Karl Jaspers and Life Conduct

A Theme with Variations

Ed Mendelowitz

Saybrook University

edmendelowitz@verizon.net

Abstract: In this briefest reverie on Matthias Bormuth's Life Conduct in Modern Times, I attempt to evoke Karl Jaspers' essential themes through a chorus of simpatico voices. I find Bormuth's book hugely satisfying in its articulation of Jaspers' philosophy—its grounding in Søren Kierkegaard and Friedrich Nietzsche, and Jaspers' growing skepticism before Freud. I am moved by Jaspers' existence-philosophical meditations and broodings, finding there a pervasive sensibility with which I find myself in almost reflexive attunement.
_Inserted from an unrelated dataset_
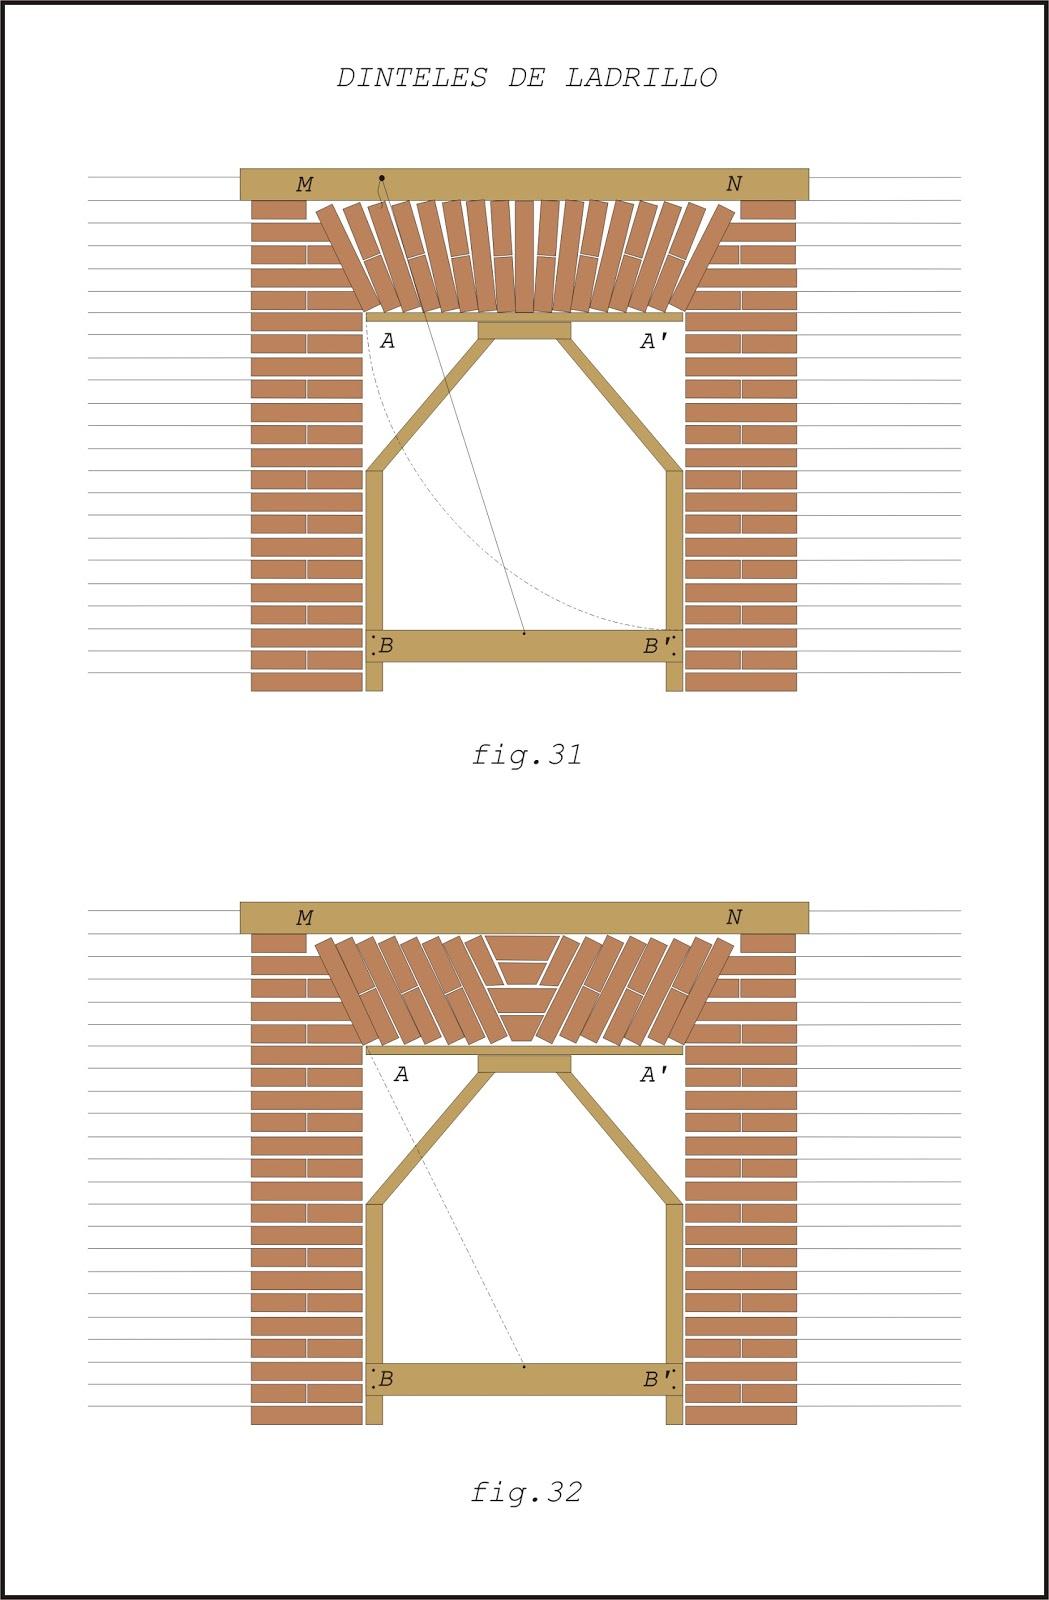 Teor a sobre alba iler a b sica aberturas en los muros for Pared de 15 ladrillo comun

Jaspers on truth, vital lies, and metaphysical refuge; Jaspers on the respective places of biology and the humanities; Jaspers on hidden transcendence and the ethicization of faith; Jaspers' championing of character over and above requisite training; Jaspers on the sanctity of the private realms (the life of the home and bona fide friendship) in a world that has arguably/publically seen better days. Most especially, perhaps, Jaspers on existential self-reflection and the craft of psychotherapy—an ongoing endeavour privileging the self-revelation, self-illumination of doctor and patient alike. These thoughts (with supplemental harmonies forthcoming from a compact gathering of kindred spirits and words) coalesce into the talking points of my thumbnail critique.

Keywords: Jaspers, Karl; Kafka, Franz; Dylan, Bob; existence-philosophy; hidden transcendence; character; ethics; psychotherapy.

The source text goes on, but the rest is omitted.